Then what happens is that *latex writes the intended name correctly to the .bcf file, but biber in effect misreads it. So biber ends up looking for a differently named file on disk that the one the user intended. (On both Windows and Linux, it is unfortunately perfectly possible to have two or more distinct files with names that differ only in the normalization form for accented characters, so that the names are visually identical!)

My general approach in this and similar cases is, if possible, to choose a glob pattern that doesn't contain any of the problematic characters, but which is chosen to uniquely identify the file. The current development version of biber treats that correctly.

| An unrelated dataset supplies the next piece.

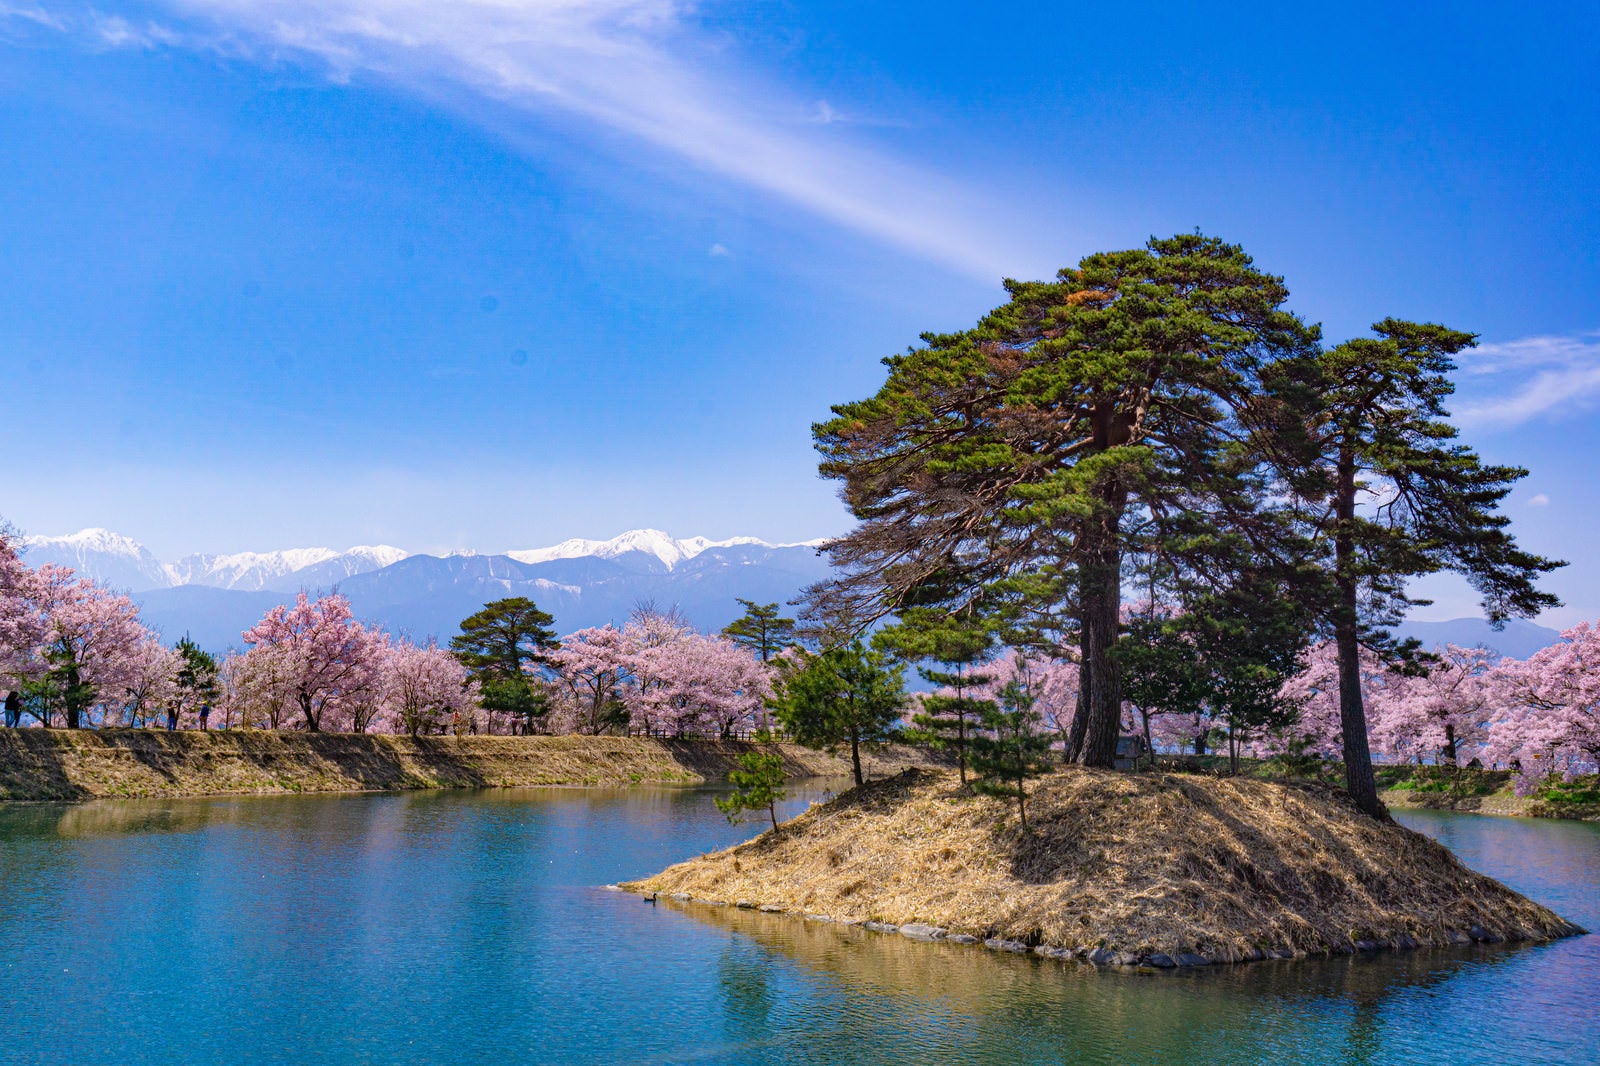 「池に浮かぶ小さな島の背景に立ち並ぶ桜と霞む残雪の山々」の写真

jccollins commented 1 month ago

I've modified the subroutine glob_data_file in Utils.pm so that when it does a glob, it does a glob on the NFC and NFD variants of the glob pattern, as well as the original pattern. (But for each of the variants, it omits the NFC glob if the original pattern is already NFC, and similarly for NFD.) This matches the behavior of the file_exist_check.

This change appears to cover the most important cases when the argument to \addbibresource contains accented characters. These are when that string and the filenames are each in a definite NF, but that NF differs between the on-disk filename and the name in the .tex file.

I've also added a directory containing the .bib and .tex files that I used for tests, together with a Perl script to do the tests.

The subroutine glob_data_file still contains the statements for printing diagnostic messages about the strings involved. They make it easy to see that the filename argument to the subroutine is coerced to NFD, but that files with names of the opposite NF are now found.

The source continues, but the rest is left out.